Lynch v. State

Annotate this Case

240 Ind. 376 (1960)

165 N.E.2d 762

LYNCH v. STATE OF INDIANA.

No. 29,700.

Supreme Court of Indiana.

Filed April 1, 1960.

*377 Patrick E. Chavis, Jr., of Indianapolis, for appellant. of Indianapolis, for appellant.

Edwin K. Steers, Attorney General, and Merl M. Wall, Assistant Attorney General, for appellee.

BOBBITT, J.

Appellant was charged by amended affidavit in four counts. However, we need only consider Count One which charged the crime of burglary by attempting to force an entrance into a safe under Acts 1955, ch. 156, § 1, p. 307, being § 10-702(a), Burns' 1956 Replacement. Trial was by the court without the intervention of a jury, and defendant was found guilty as charged in Count One of the amended affidavit, and sentenced to the Indiana State Prison for not less than five nor more than ten years, and disfranchised for a period of five years.

The assignment of errors consists of three specifications, as follows:

1. The court erred in overruling appellant's motion to quash the indictment, [affidavit]. 2. The court erred in overruling appellant's motion for a new trial. 3. The court erred in overruling appellant's motion in arrest of judgment.

*378 First: Appellant asserts that it was error to overrule his motion to quash the amended affidavit because it failed to identify properly the safe here involved.

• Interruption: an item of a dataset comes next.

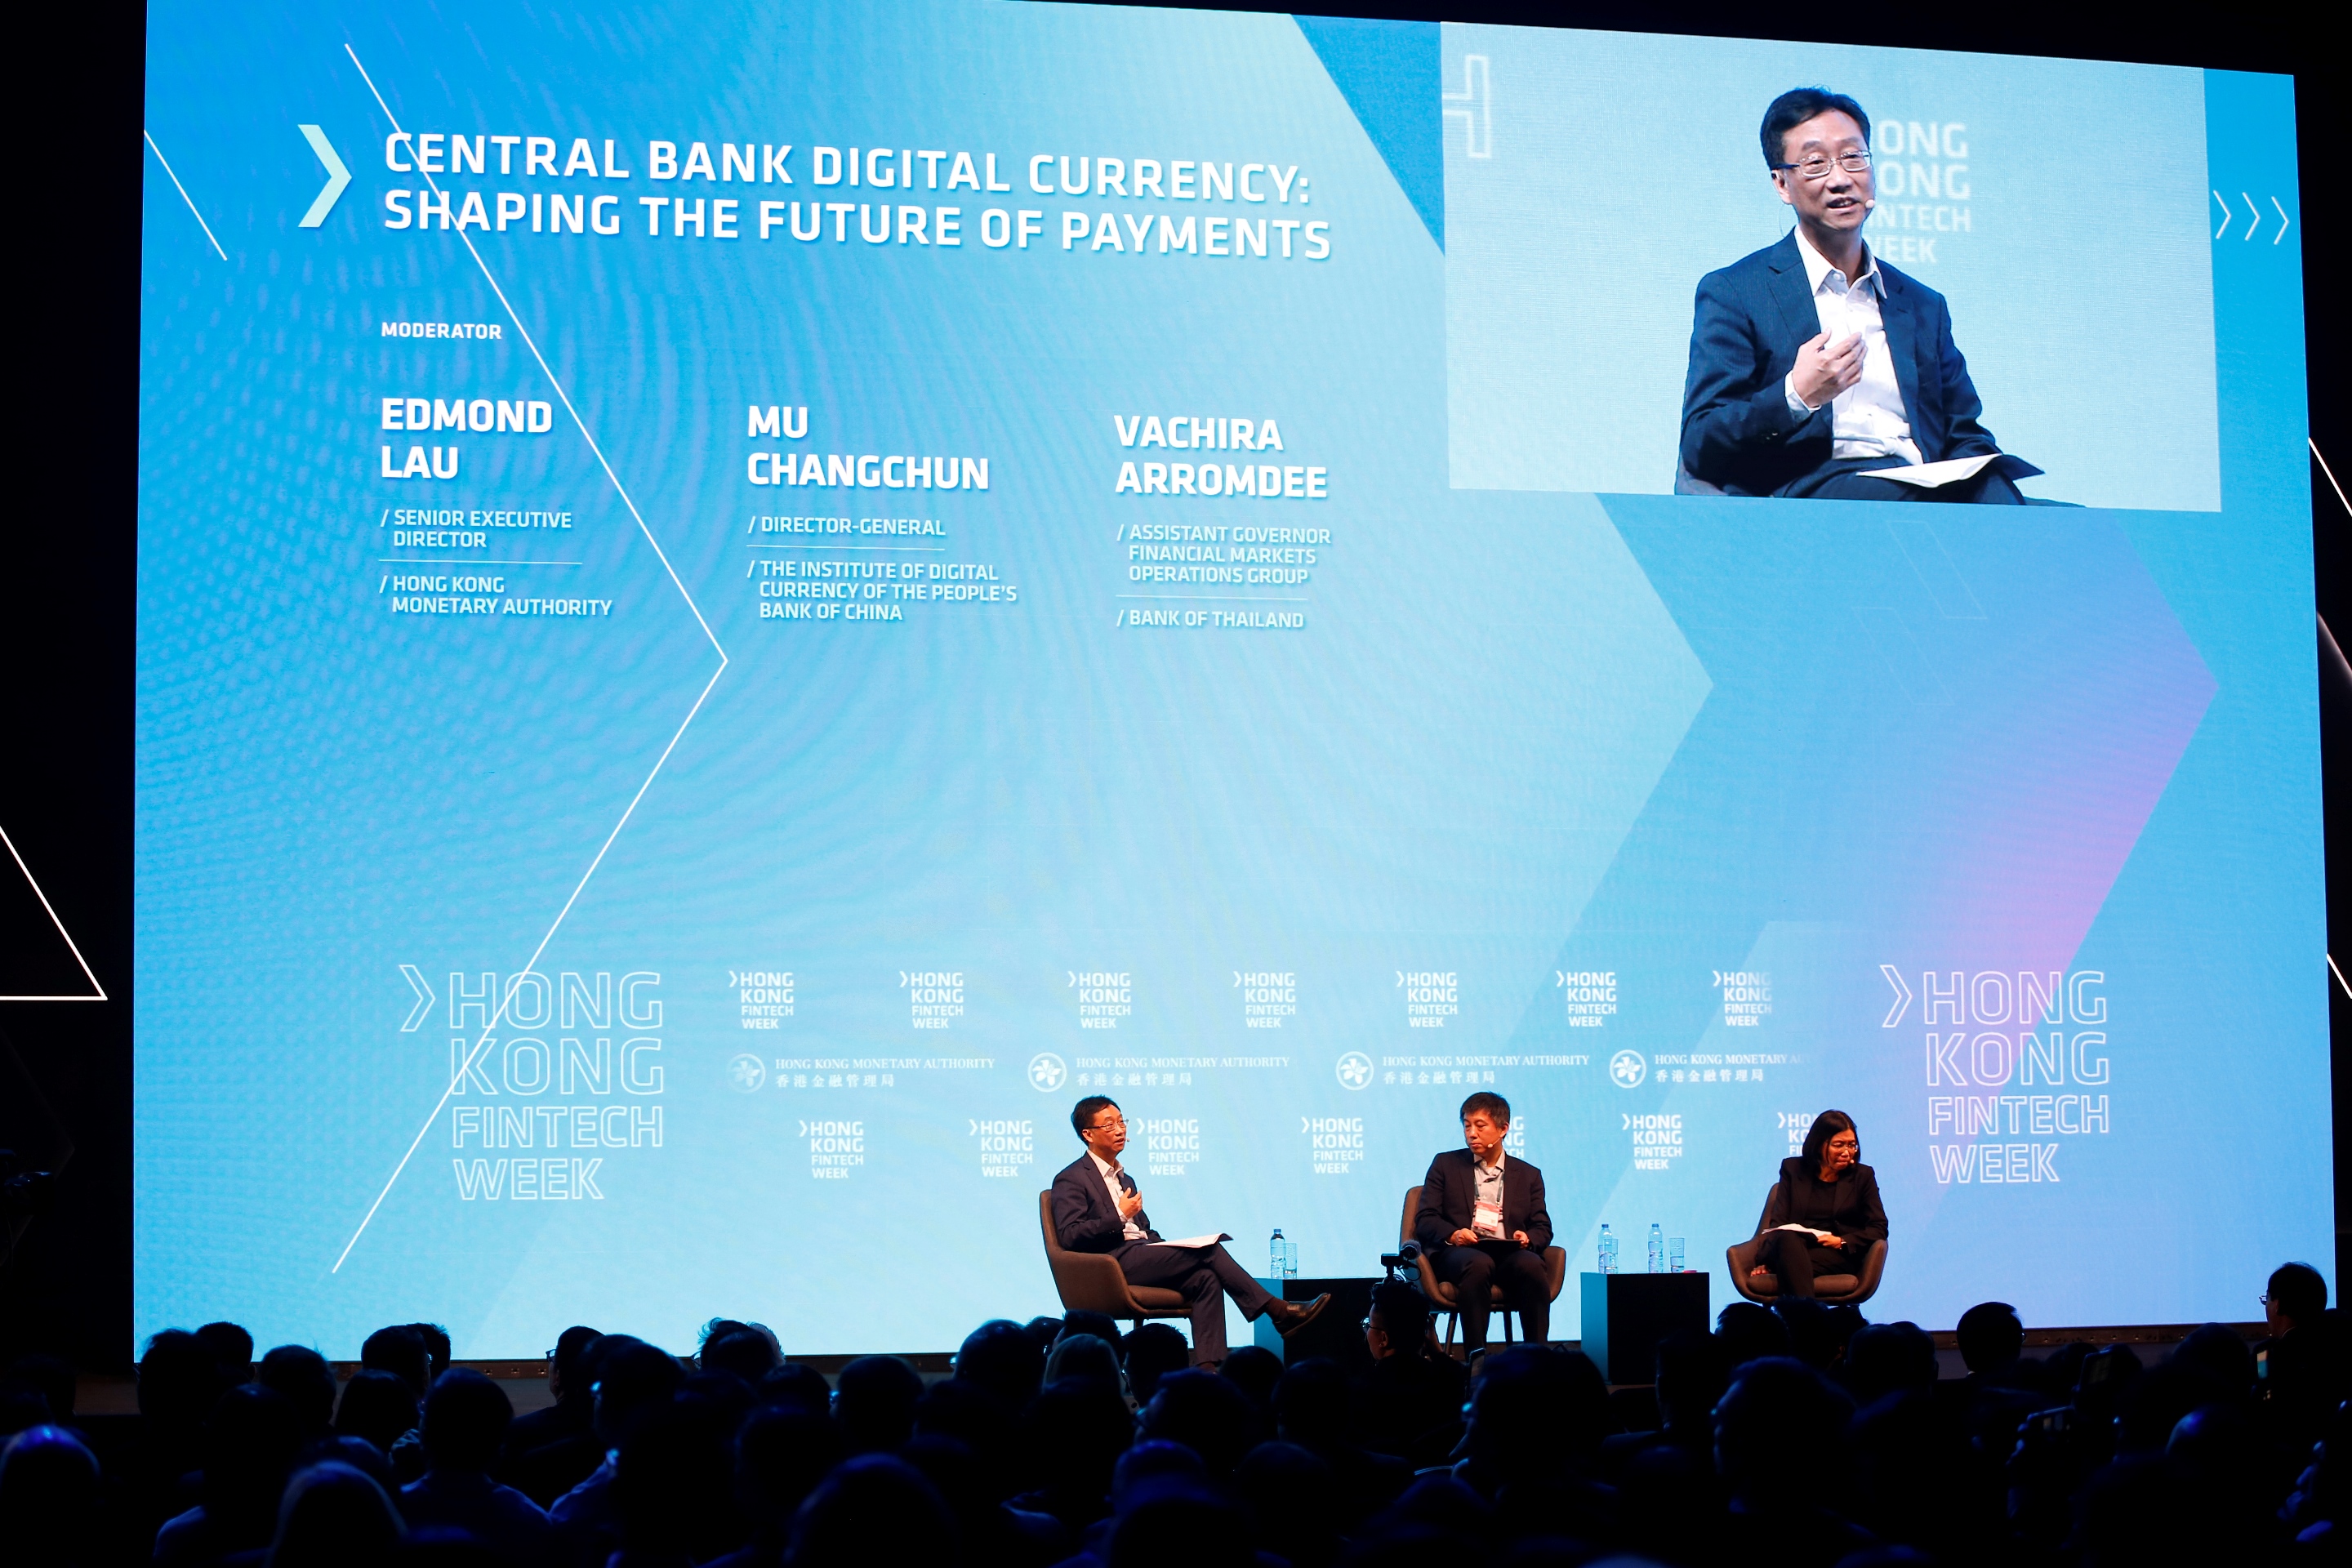 Mr Edmond Lau, Senior Executive Director of the HKMA, moderates a panel discussion on how Central Bank Digital Currency could shape the future of cross-border payments.

That part of the amended affidavit referring to the safe is as follows:

"DONALD PAUL LYNCH ... (did then and there unlawfully, feloniously and burglariously break and enter into the building of ATLAS SUPER MARKET, NORTHSIDE, INC., a corporation located at 720 East 54th Street, City of Indianapolis, County of Marion, State of Indiana,) ... and did then and there unlawfully, maliciously and forcibly ... attempt to force an entrance into a safe which was then and there situated in the said building, and which safe contained United States Currency in the sum of five hundred dollars ($500.00), in lawful money, said money being the property of ATLAS SUPER MARKET, NORTHSIDE, INC., a corporation, ..."

We think the trial court might properly have concluded from the allegation that the safe was in a building of "ATLAS SUPER MARKET, NORTHSIDE, INC." and contained property (United States currency) of Atlas Super Market, Northside, Inc., that such safe was in the possession of Atlas Super Market, Northside, Inc., and that such company was the owner thereof for the purposes of this statute. Donnelly v. State (1924), 194 Ind. 136, 139, 142 N.E. 219. See also: Rhoades v. State (1946), 224 Ind. 569, 573, 70 N.E.2d 27; Sneed, Lockridge v. State (1956), 235 Ind. 198, 201, 130 N.E.2d 32.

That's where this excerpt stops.